В башне Марины факс-узлов не было, но горожане проявили недюжинную смекалку, приспособив маленький наружный подъёмник, служивший когда-то сервиторам, для своих целей. Из тросов создали сложную систему с приводами и кривошипами, так что гостей сразу по трое подтягивали наверх в особой корзине – правда, только до эспланады, но одолеть последние десять этажей не составляло непосильного труда. Разумеется, о частых поездках не могло быть и речи, да и сам подъём внушал ужас, ибо корзина ежесекундно застревала и дёргалась в воздухе, но несколько десятков жителей башни попросту махнули рукой на внешний мир. Раза два в неделю кто-нибудь из них отправлялся на рынок, если недоставало своих запасов еды и питья, этим и ограничивались отношения с остальным человечеством.
«Почему никто не отзывается?» Мужчина две минуты дёргал за верёвку, потом ещё три минуты ждал.
С юга, со стороны широкого бульвара, донеслось эхо громкого скрежета.
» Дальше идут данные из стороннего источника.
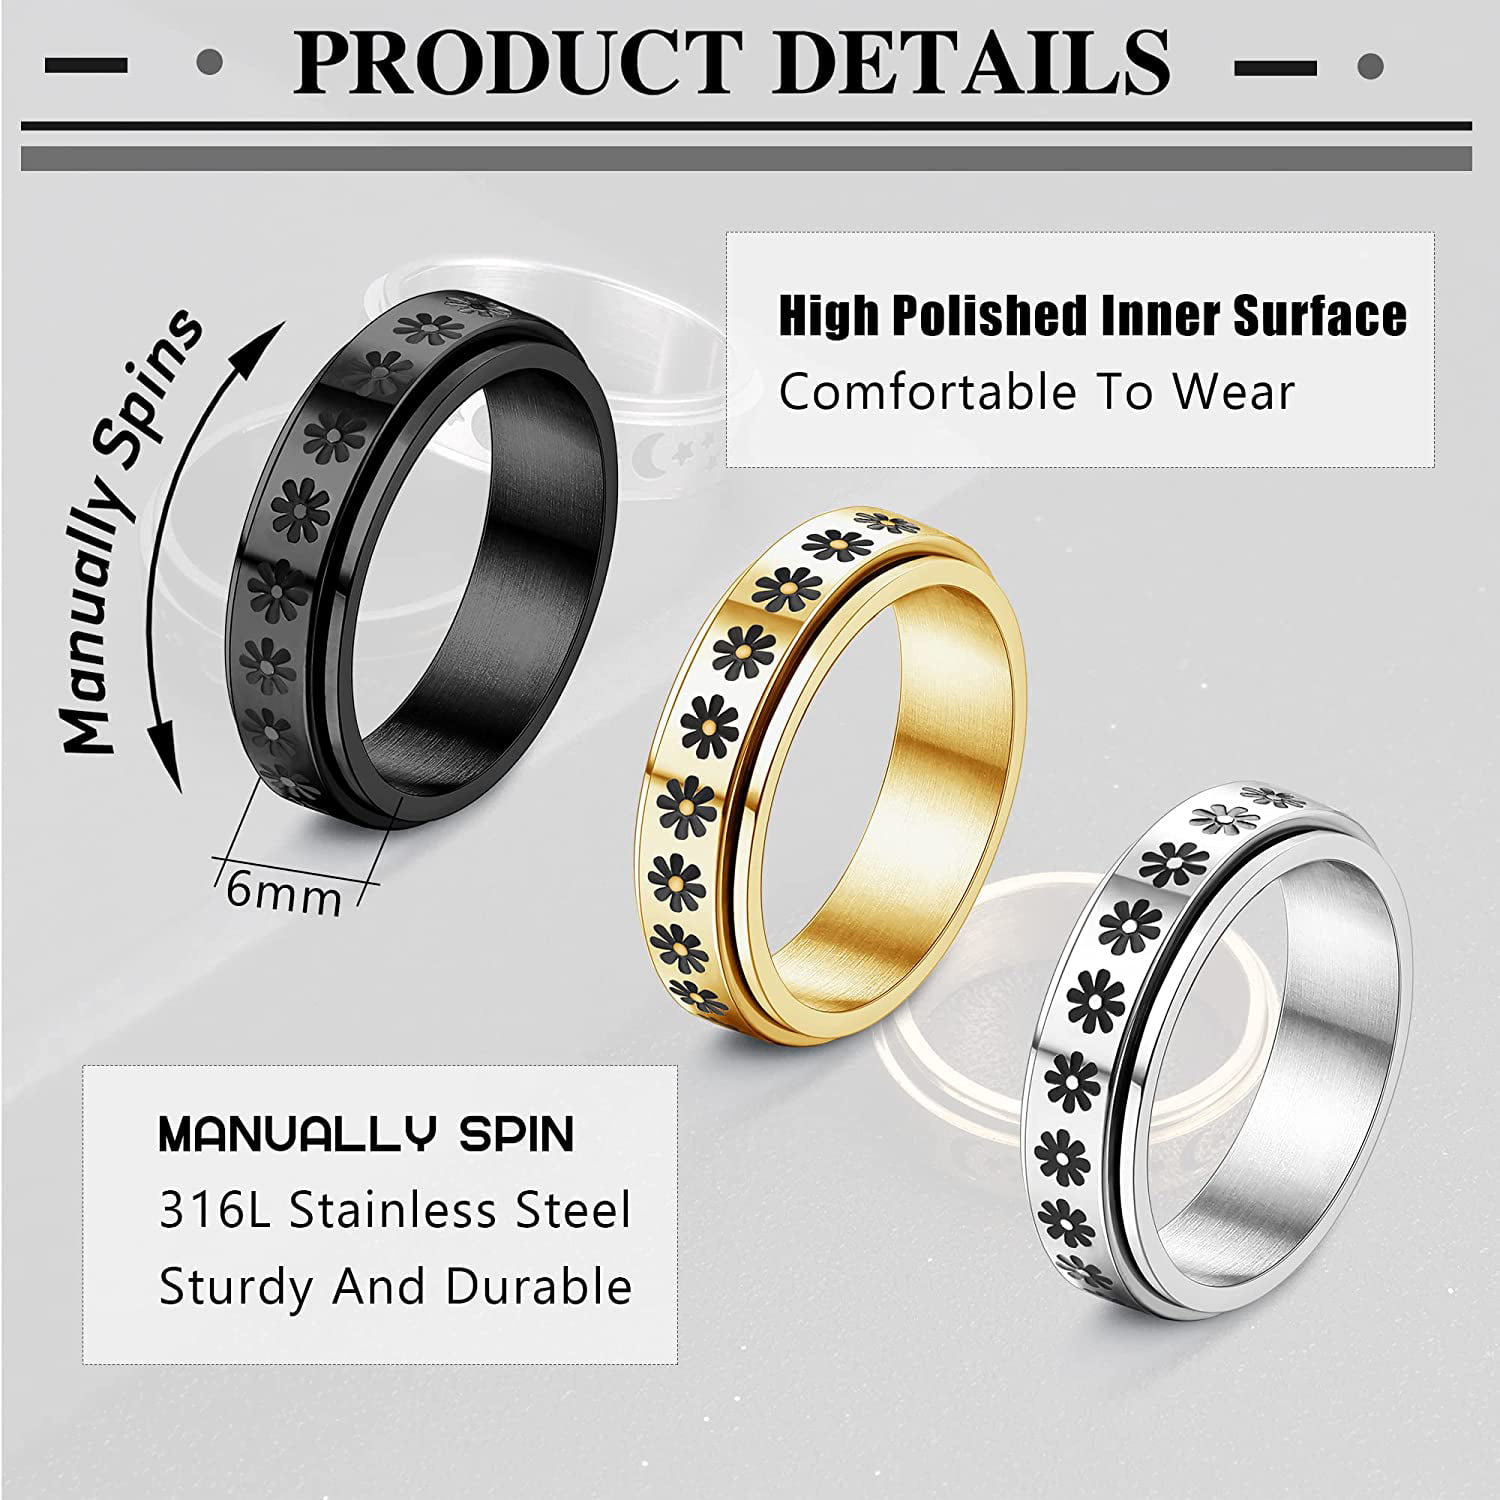 Jstyle 8Pcs Stainless Steel Band Rings for Men Women Wedding Ring Cool Fidget Spinner Ring Brushed Greek Key/Chain/Celtic Dragon Pattern Anxiety Sress Relief Wedding Promise Black Ring Set 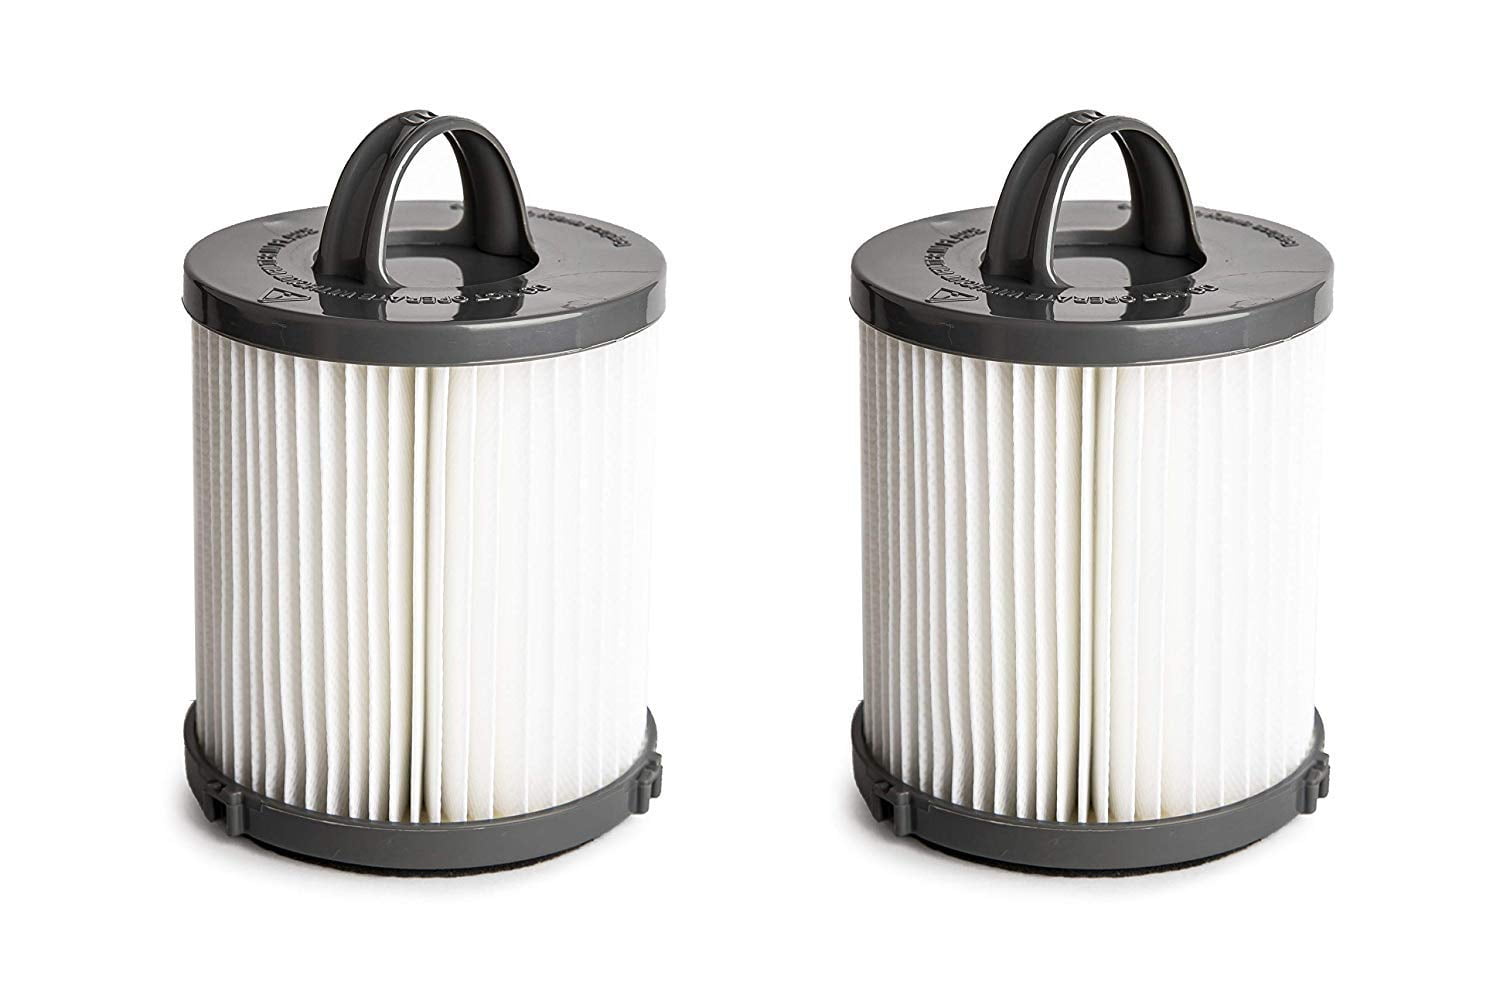 2X Vacuum Dust Cup Filter & HEPA Filter for Eureka AS1001A

«Ну давай, решайся. Туда или обратно, только быстрее». Отступив подальше от башни, Даэман запрокинул голову. Молния выхватила из мрака чёрную паутину опор и мерцающие бамбуковые пристройки на башенках. Там, высоко, над заброшенной эспланадой, в нескольких окнах горели светильники. Пришелец различил сигнальные огоньки в обиталище Марины под бамбуковой крышей террасы: обычно их поддерживал Гоман. И снова послышался скрежет, на этот раз – из северных аллей.
– А, катись оно всё… – чертыхнулся молодой мужчина.
Пора вызволять маму отсюда, пусть даже старый подлец встанет у него на пути со всеми своими дружками! Если потребуется, у Даэмана не дрогнет рука пошвырять недоумков через перила террасы прямо в жерло Кратера. Сын Марины поставил арбалет на предохранитель, дабы ненароком не всадить себе в ногу пару отточенных болтов, зашёл внутрь и ступил на тёмную лестницу.
Уже добравшись до эспланады, он почуял неладное. За последние месяцы Даэман часто наведывался к матери и всякий раз видел стражей, вооружённых примитивными пиками, а также более изощрённо сработанными луками, доставленными из Ардис-холла. Сегодня здесь не оказалось ни души.
«Они что же, по ночам отпускают охрану?» – прикинул молодой мужчина, всегда прибывавший при свете дня.
Да нет, не похоже. Какой в этом смысл? Войниксы ещё охотнее орудовали в тёмное время суток. И потом, кузен Ады несколько раз наблюдал, как ночью меняется стража. Однажды он и сам простоял на карауле с двух до шести часов утра, после чего факсовал обратно к себе с помутневшими от усталости глазами.
Одно утешало: лестница над эспланадой была открыта с двух сторон. Как только грозовая вспышка высвечивала очередной пролёт или площадку, Даэман устремлялся вверх по ступеням или бегом пересекал тёмное пространство. Арбалет он держал наготове, почти касаясь пальцем предохранителя.
Ещё не успев шагнуть на первый жилой этаж, гость догадался, что его там ожидает.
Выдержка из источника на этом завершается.